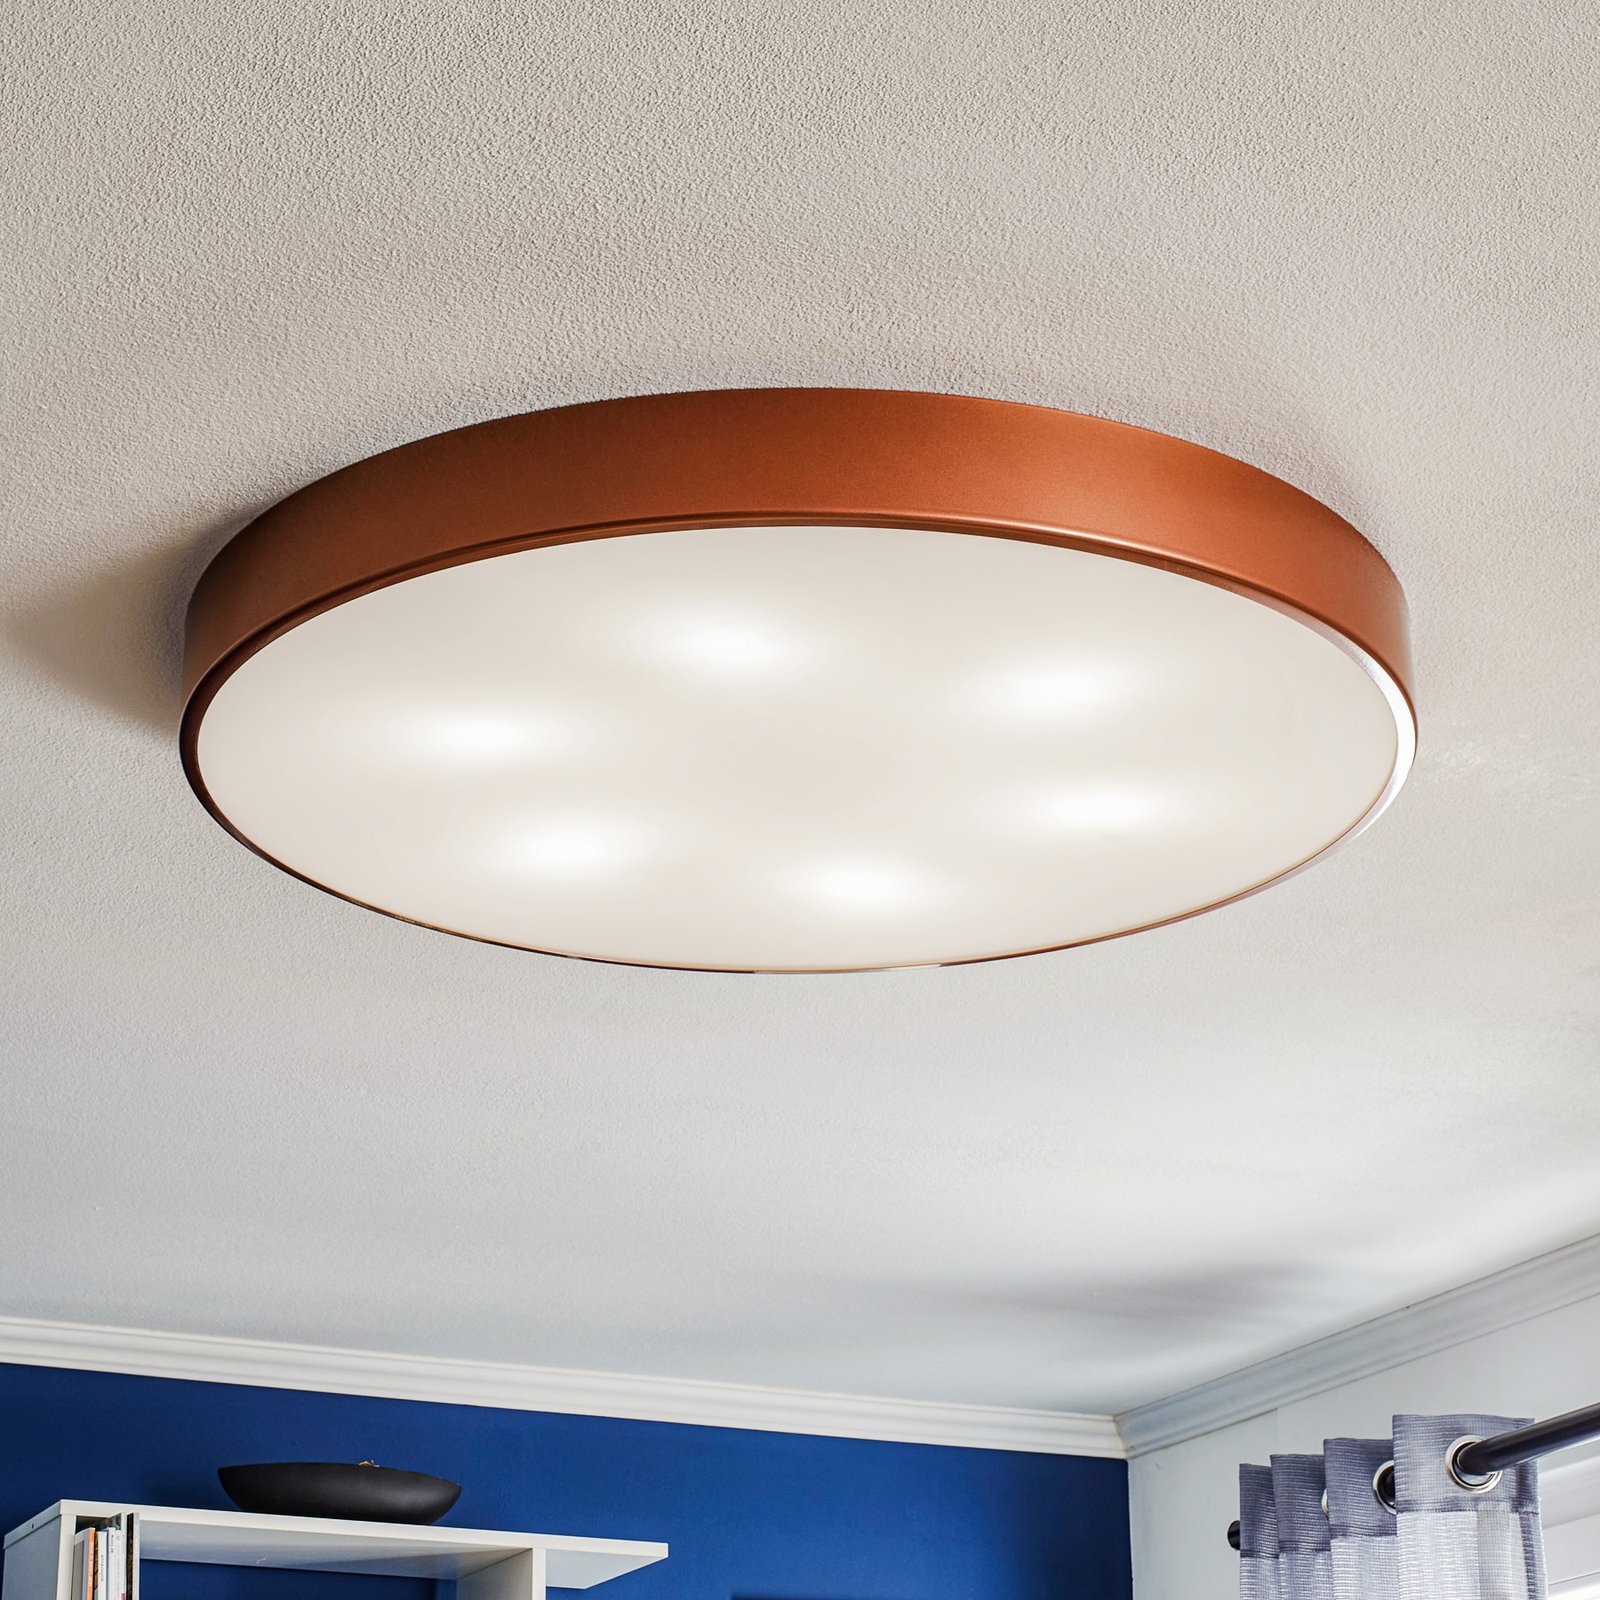 Cleo 800 ceiling light, sensor, Ø 78 cm copper
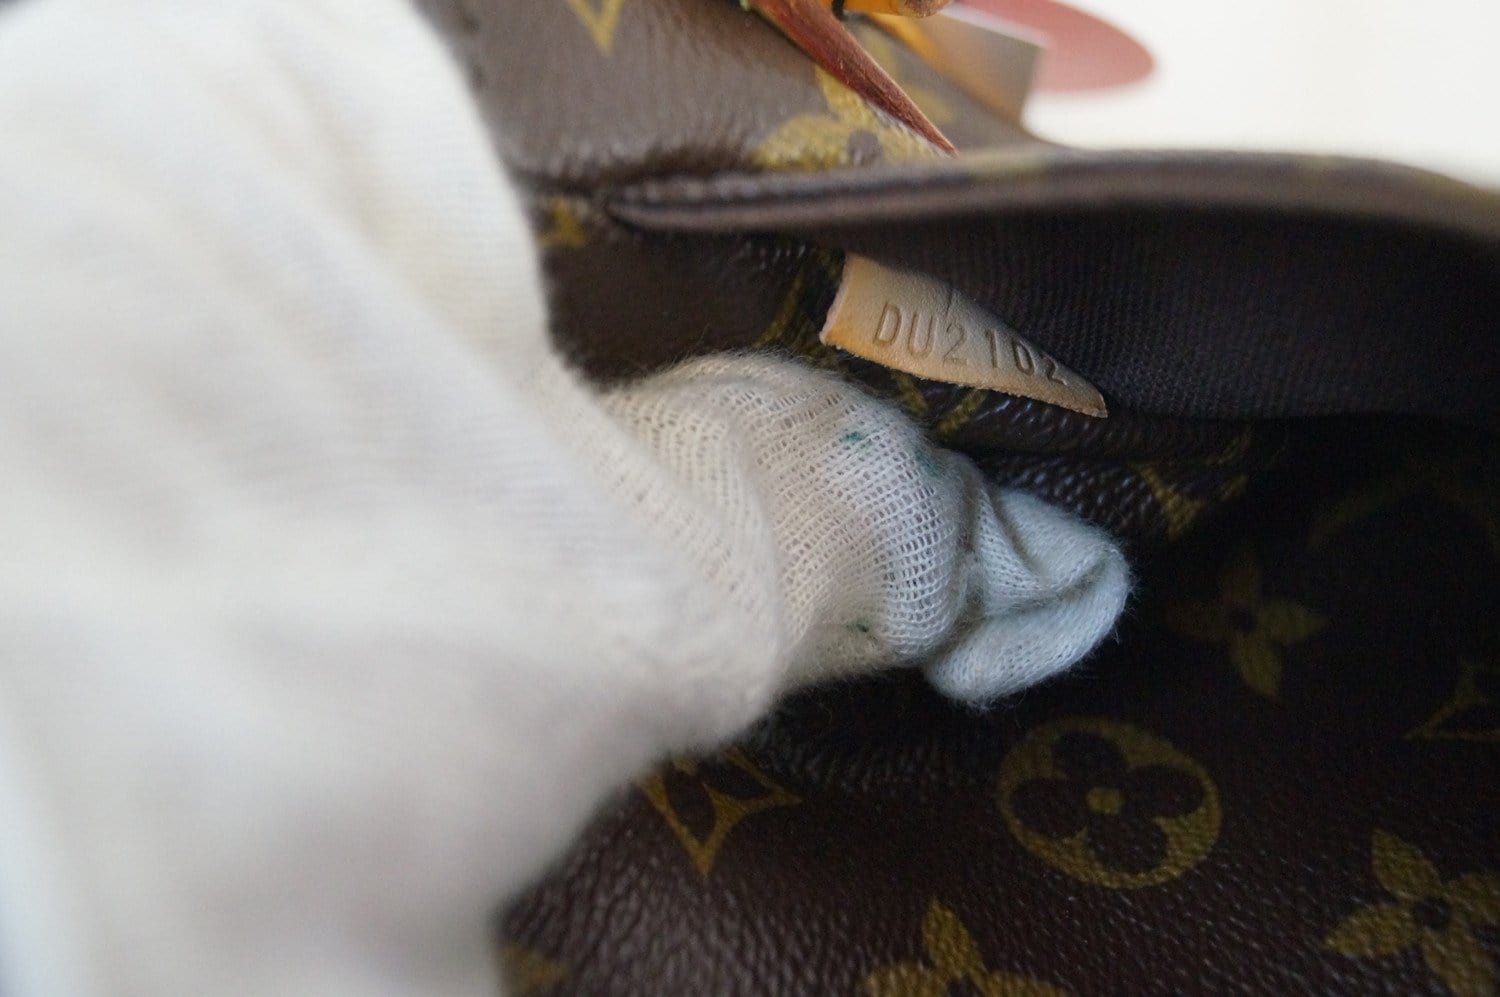 Auth Louis Vuitton Menilmontant Pm Bag #914L32
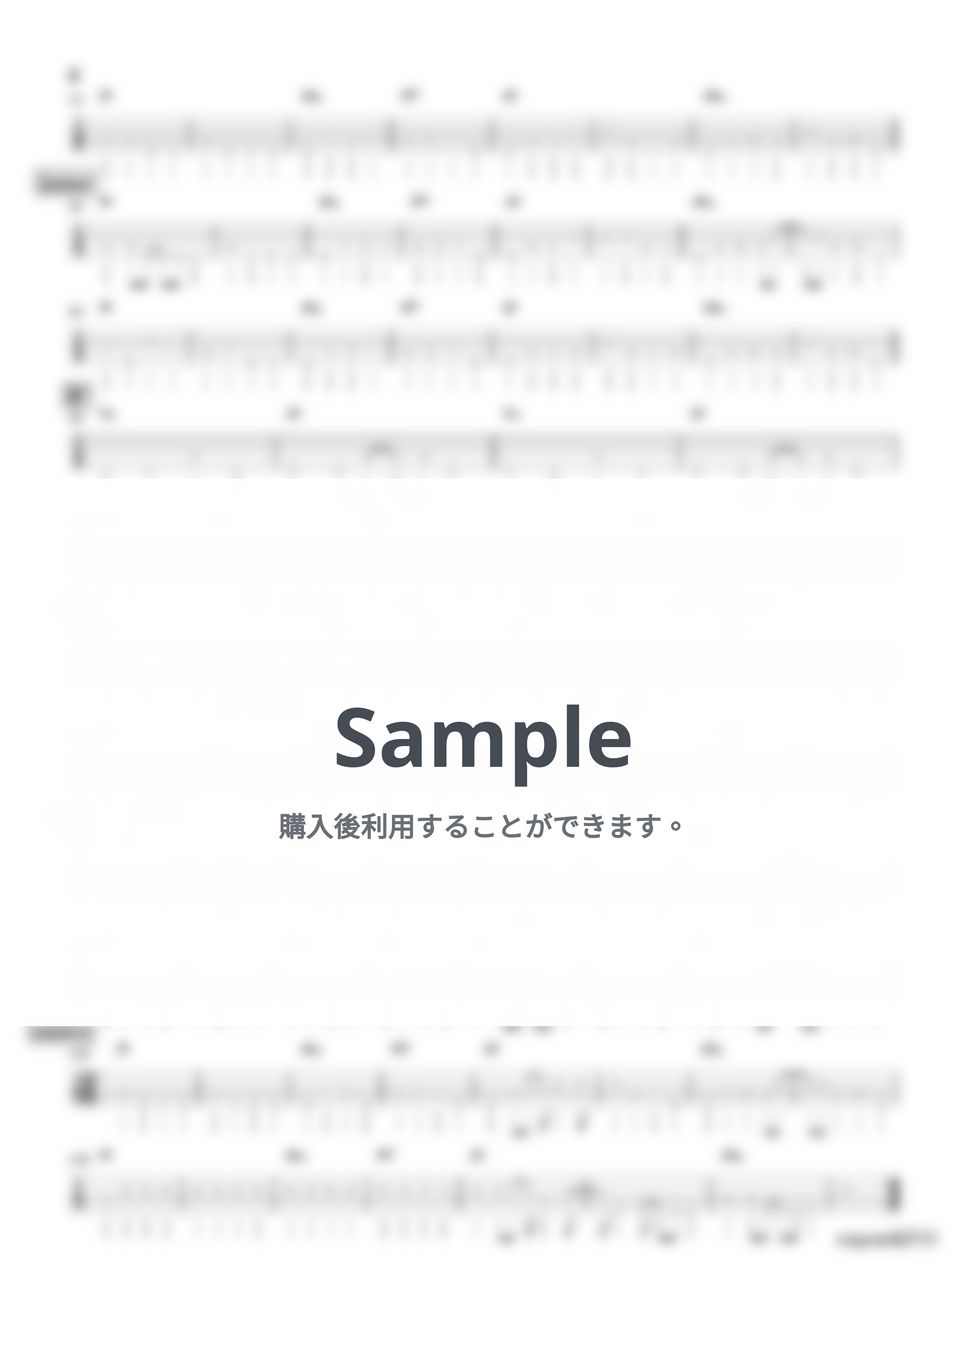 東京スカパラダイスオーケストラ - 銀河と迷路 (『ベースTAB譜』4弦ベース対応) by 箱譜屋

━━━━━━━━━━━━━━━━━━━━━━━━━━━━━━

Work instructions:
Return all of the data exactly as written, and drop the pictures.

Answer section:
 Cleo 800 ceiling light, sensor, Ø 78 cm copper
 Auth Louis Vuitton Menilmontant Pm Bag #914L32
 東京スカパラダイスオーケストラ - 銀河と迷路 (『ベースTAB譜』4弦ベース対応) by 箱譜屋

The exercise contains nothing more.